The authors are careful not to reuse URLs as well as encryption keys. That’s why the Aria key is different for every unique payload. It is stored just after the end of the 0x10000401 module :

Key format: WORD key length; BYTE key_bytes[];

During the module’s loading, the key is rewritten into another memory area, from which it is used to decrypt the downloaded module.

The CAB file retrieved from the PNG is available here: 001bdc26b2845dcf839f67a8760c6839

It contains core.sdb (d1a2fdc79c154b120a0e52c46a73478d). That is a second module in Hidden Bee’s custom format.

Inside core.sdb

This module (retrieved from the PNG) is a second downloader component in the 0x10000401 format. This time, it uses a custom TCP-based protocol, referenced by the authors as SLTP. (This protocol was also used by the analogical component seen one year ago). The embedded links:

sltp://dns.howtocom.site:1108/minimal.bin?id=998 sltp://bbs.favcom.space:1108/setup.bin?id=999

Execution flow
  1. Checks for blacklisted processes. If any are detected, exits.
  2. Removes functions: DbgBreakPoint, DbgUserBreakPoint by overwriting their beginning with the RET instruction.
  3. Checks if the malware is already installed. If yes, exits.
  4. Creates an installation mutex {71BB7F1C-D700-4487-B9C6-6DD9863DFE91}-ins.
  5. If the module was run with the flag==1:
    1. Connects to the first address: sltp://dns.howtocom.site:1108/minimal.bin?id=998
    2. Sets an environment variable INSTALL_SOURCE to the value given as an argument.
    3. Runs the downloaded next stage module.
  6. If the module was run with the flag!=1:
    1. Performs checks against VM. If detected, exits.
    2. Connects to the second address: sltp://bbs.favcom.space:1108/setup.bin?id=999. This time, appends the victim’s fingerprint to the URL. Format: <URL>&sid=<INSTALL_SID>&sz=<unique machine ID: 16 bytes hex>&os=<Windows version number>&ar=<architecture>
    3. Runs the downloaded next stage module.
Defensive checks

At this stage, many anti-analysis checks are deployed. First, there are checks to detect if any of the blacklisted processes are running. The enumeration of the processes is implemented using a low-level function: NtQuerySystemInformation with a parameter 5 (SystemProcessInformation).

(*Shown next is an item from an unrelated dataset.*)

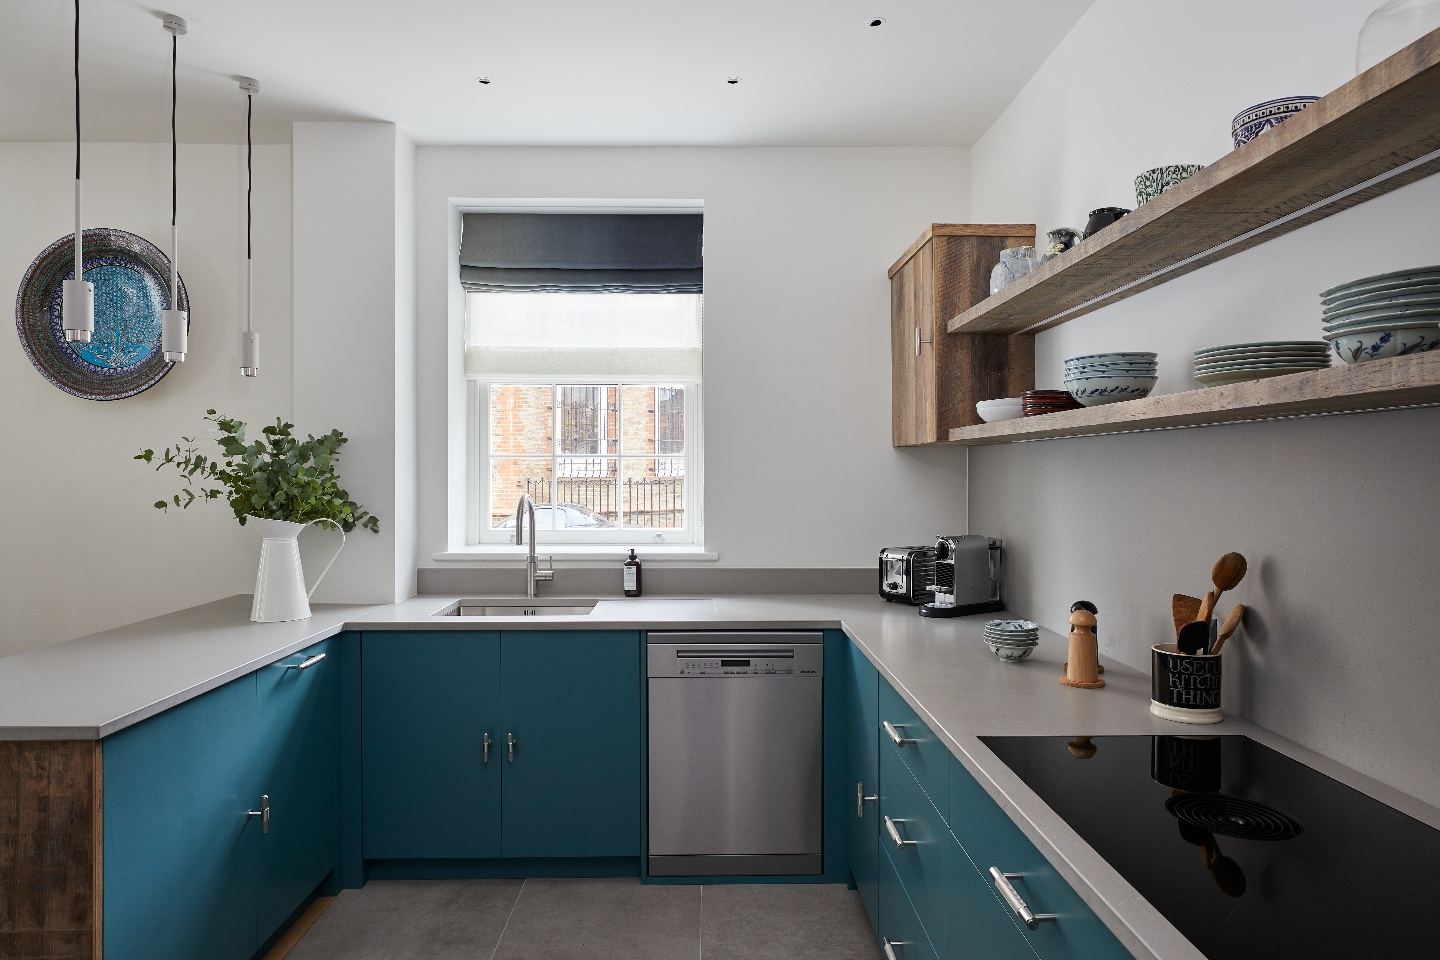 New kitchen in Swan Cottage using Caesarstone 4004 Raw Concrete worktop

The blacklist contains popular debuggers and sniffers:

“devenv.exe” , “wireshark.exe”, “vmacthlp.exe”, “procmon.exe”, “ollydbg.exe”, “idag.exe”, “ImmunityDebugger.exe”, “windbg.exe”
“EHSniffer.exe”, “iris.exe”, “procexp.exe”, “filemon.exe”, “fiddler.exe”

The names of the processes are obfuscated, so they are not visible on the strings list. If any of those processes are detected, the execution of the module terminates.

Another function deploys a set of anti-VM checks. The anti-VM checks include:

CPUID with EAX=40000000 (a check for Hypervisor’s Brand):

The VMWAre I/O Port (more details [here]):

VPCEXT instruction (more details [here])

Checking the list of common VM vendors:

Checking the BIOS versions typical for virtual environments:

Detection of any of the features suggesting a VM results in termination of the component.

Downloading new modules

The next elements of HiddenBee are downloaded over the custom “STLP” protocol.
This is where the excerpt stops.